Dušan Đorđević (; also transliterated Dušan Djordjević; born 25 June 1996) is a Serbian footballer who plays as a defender for Železničar Pančevo.

Club career
Coming from the youth school of Borac Čačak, Đorđević also started his senior career with the club. He joined the first team during the spring half of 2013–14 Serbian First League season.
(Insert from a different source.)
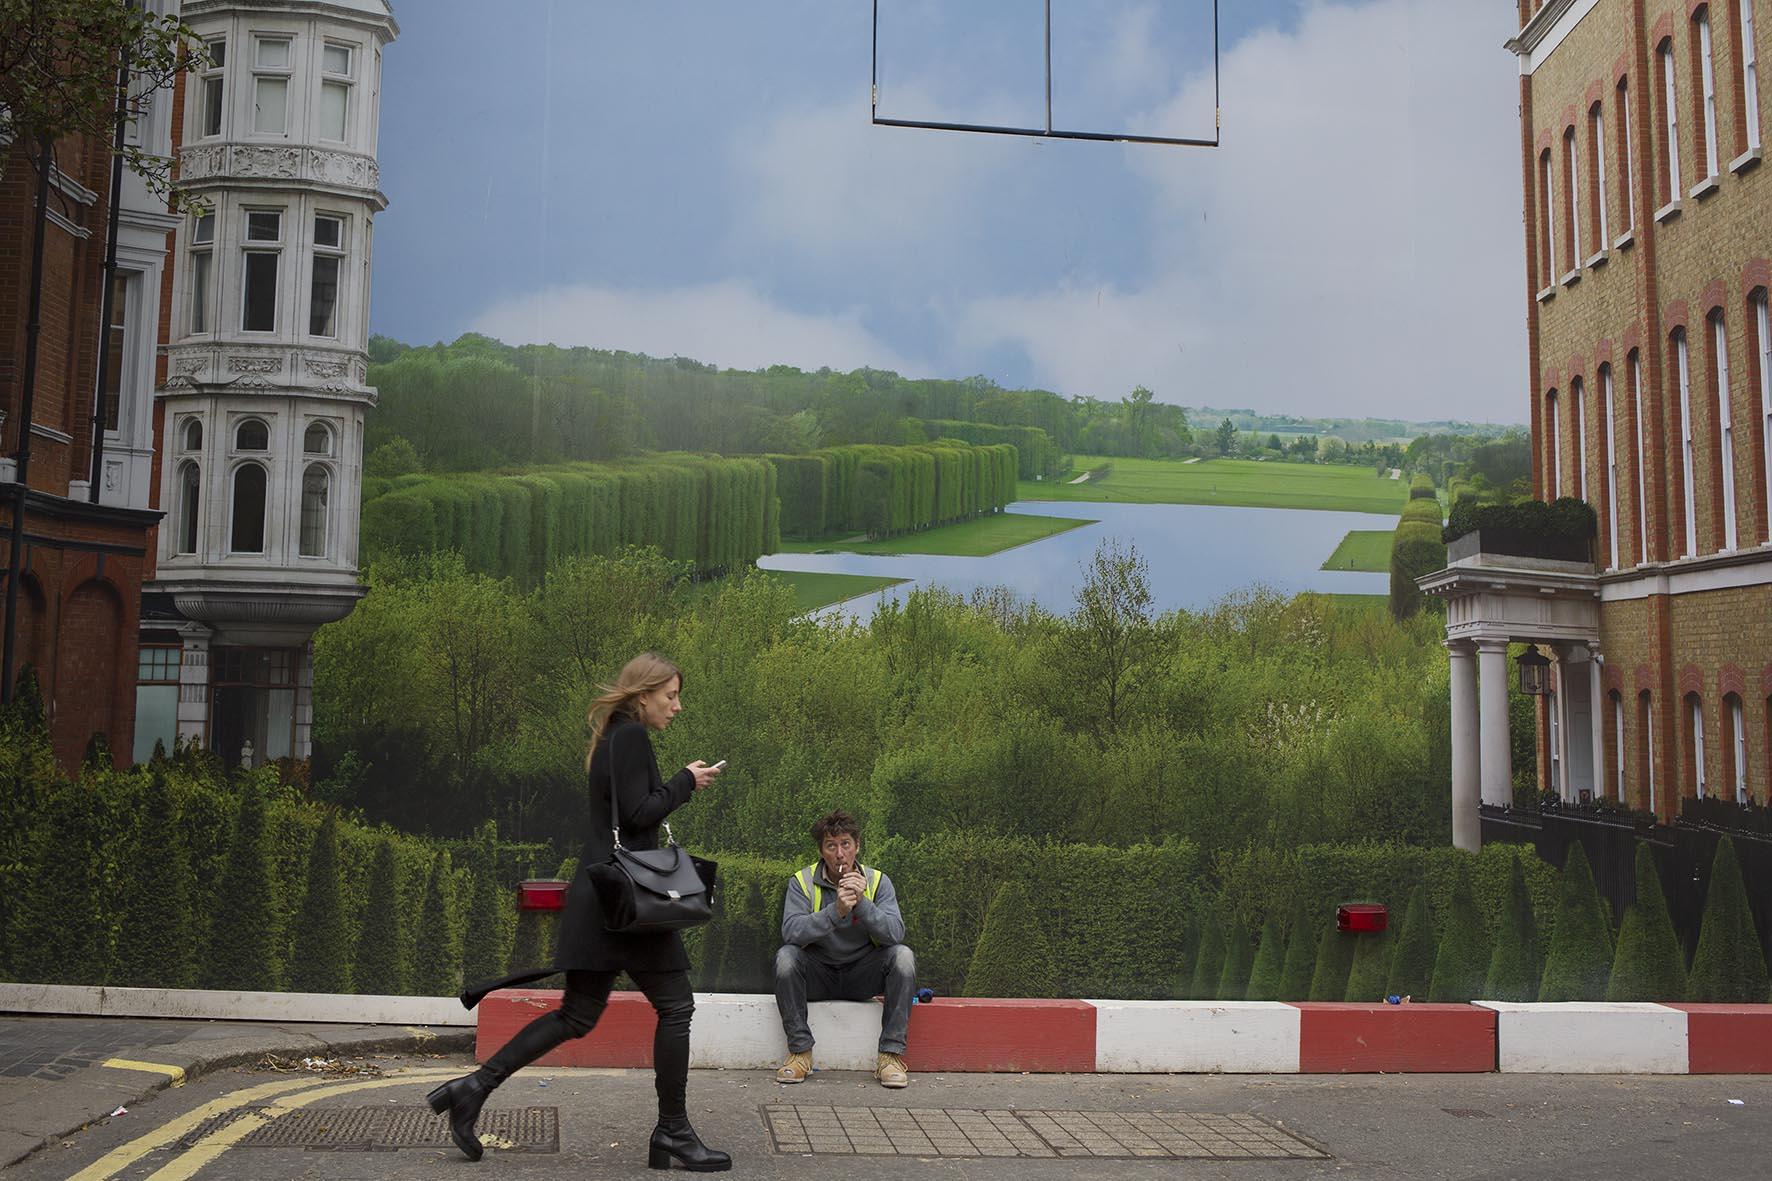 Bond Street hoarding. Copyright: Mike Kemp

After Borac made promotion in the Serbian SuperLiga, Đorđević trained with the first team, but stayed with youth team until the end of 2014–15 season. After the end of his youth career, he  was loaned to Polet Ljubić on dual registration for the 2015–16 season. Đorđević made his Serbian SuperLiga debut in last fixture of the 2015–16 season, played on 21 May 2015. Later, in early 2017, Đorđević also extended his loan at Polet Ljubić, where he spent the whole year. At the beginning of 2018, six months before the end of contract with the club, Đorđević mutually terminated the contract with Borac and left the club as a free agent.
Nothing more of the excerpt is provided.